Exercise objective »
Starting at the line that contains "Diamond Details: 55", copy every line through the end of the records below exactly as written, leaving out pictures.

Exercise material »
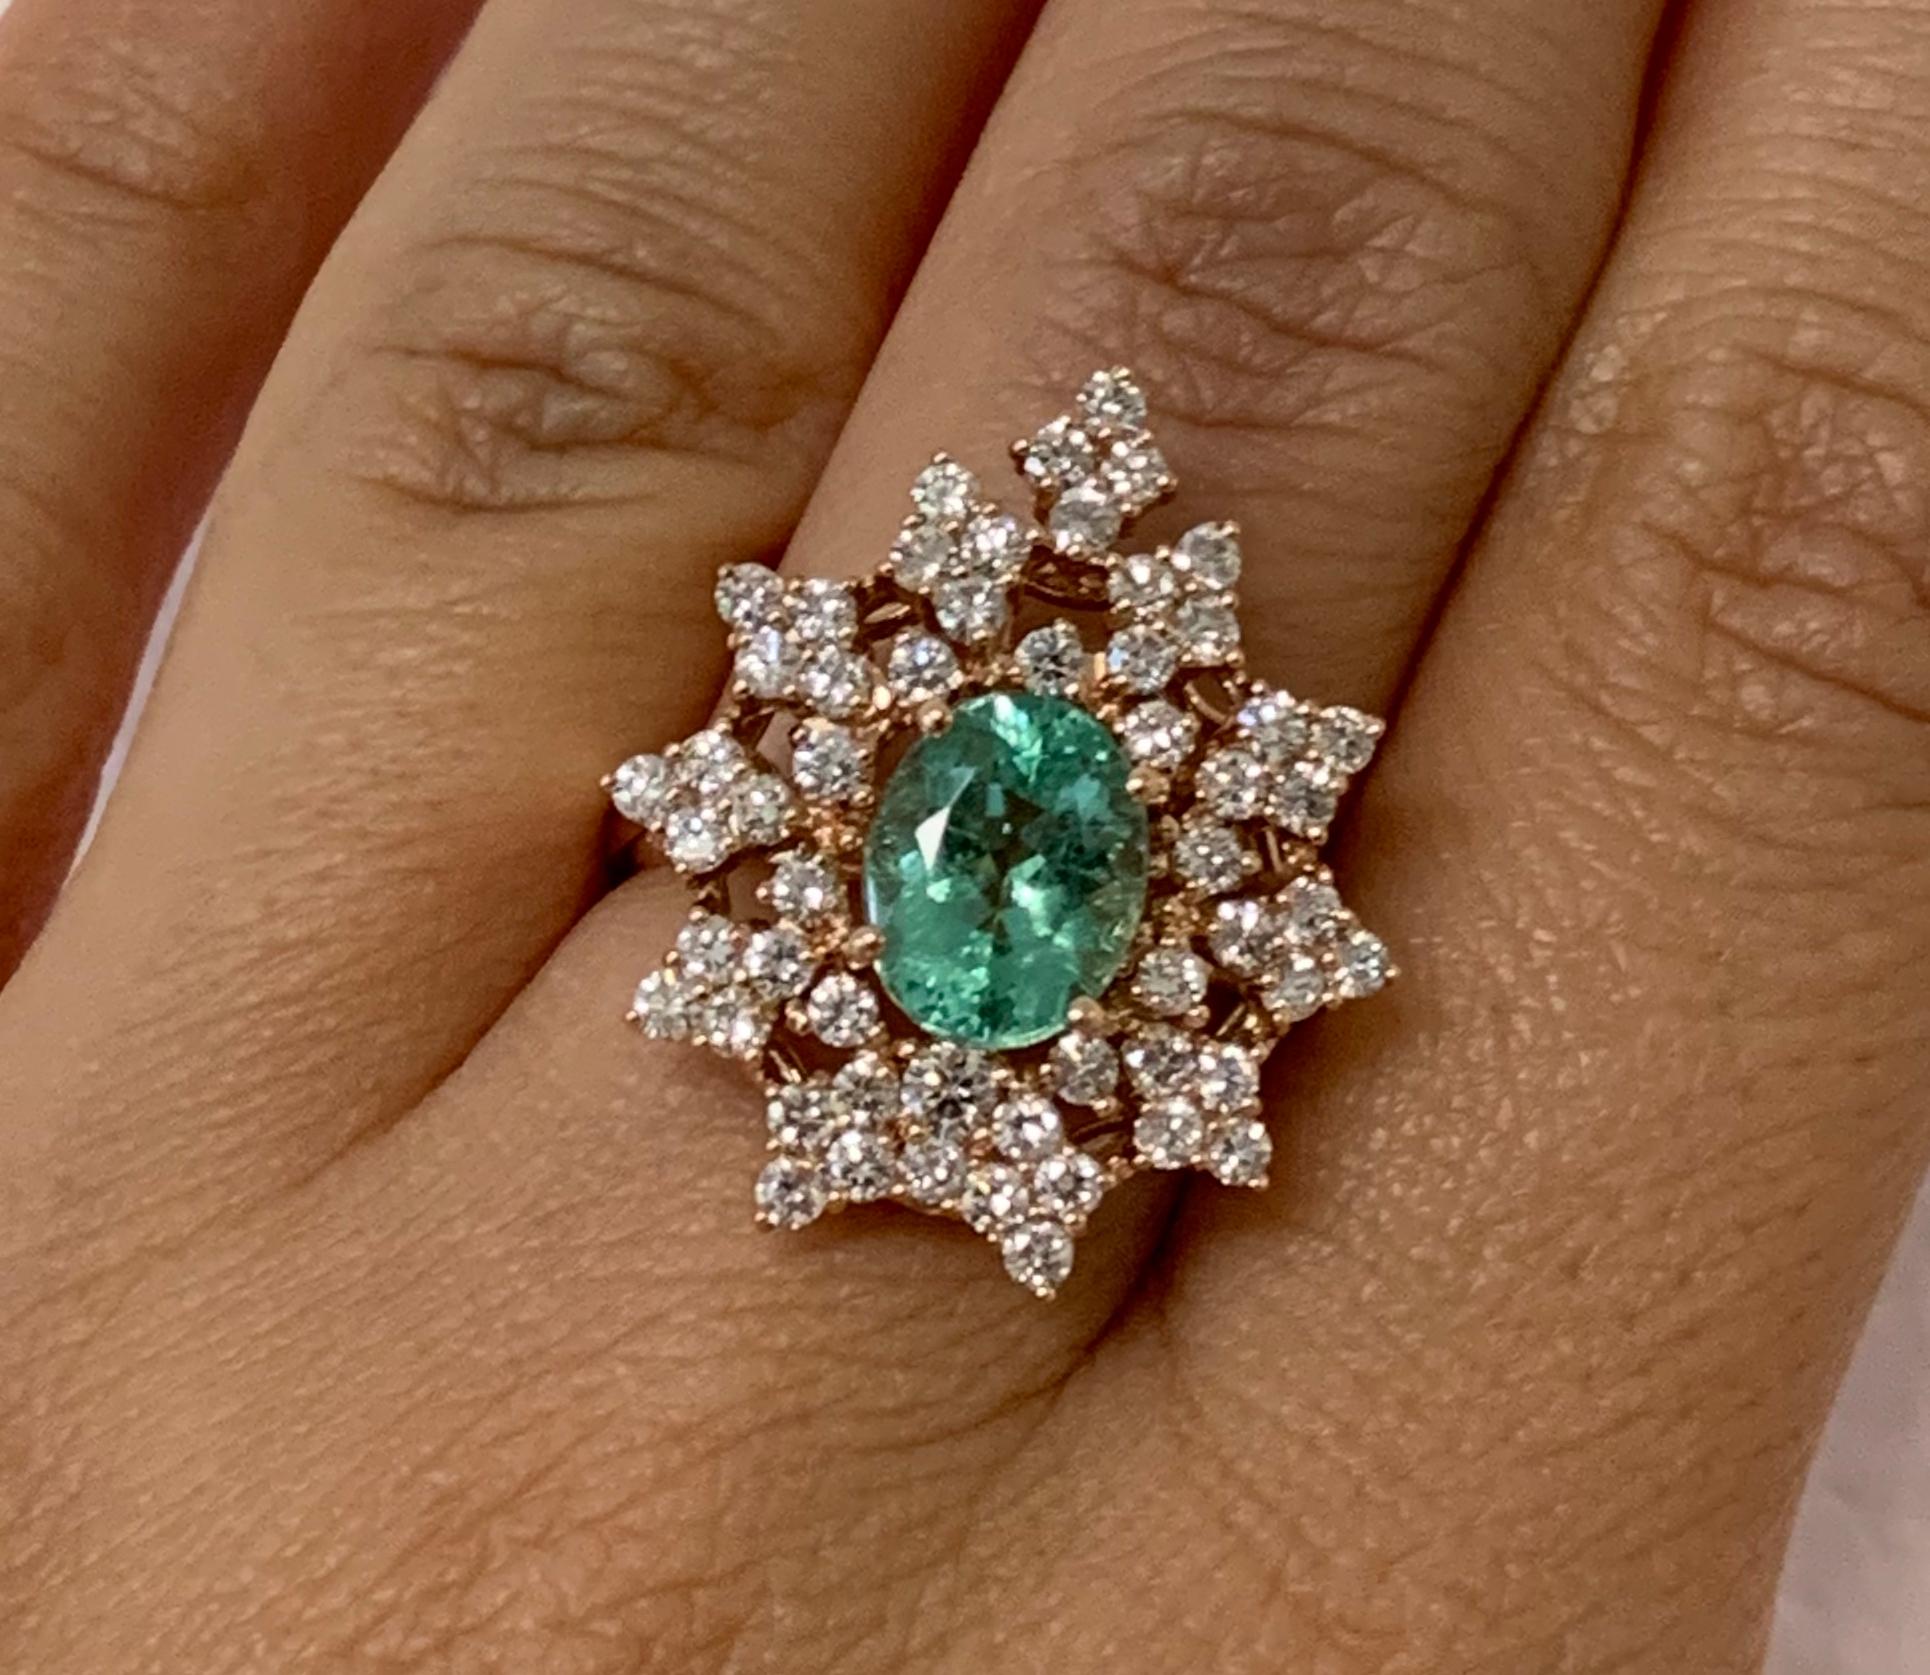 Material: 14k Rose Gold 

Center Stone Details: 1.85 Carat Oval Shaped Paraiba Tourmaline -Measuring 8.8 x 6.9 mm
Diamond Details: 55 Brilliant Round White Diamonds at Approximately 1.2 Carats - Clarity: SI / Color: H-I
Ring Size: 6.75.
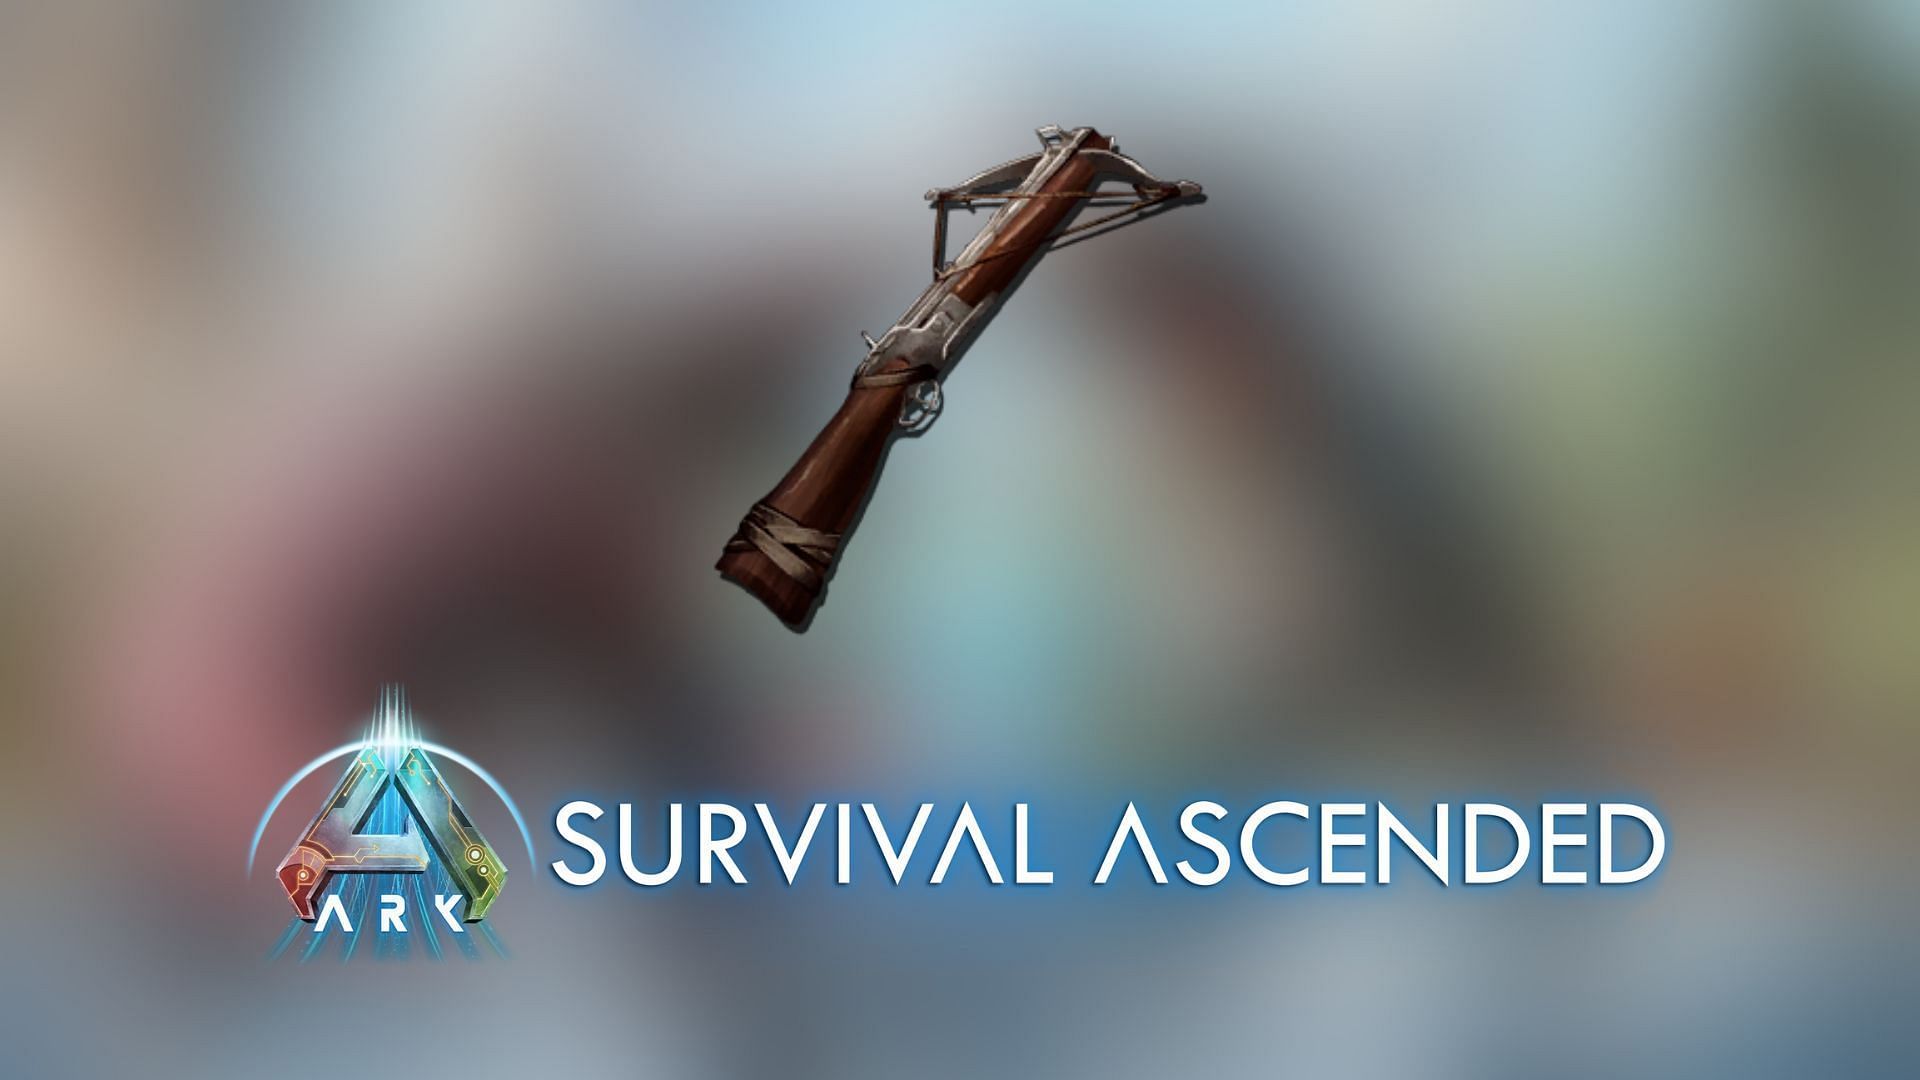 Crossbow is one of the strongest ranged weapons in Ark Survival Ascended (Image via Studio Wildcard)

Finished exercise »
Diamond Details: 55 Brilliant Round White Diamonds at Approximately 1.2 Carats - Clarity: SI / Color: H-I
Ring Size: 6.75.
 Crossbow is one of the strongest ranged weapons in Ark Survival Ascended (Image via Studio Wildcard)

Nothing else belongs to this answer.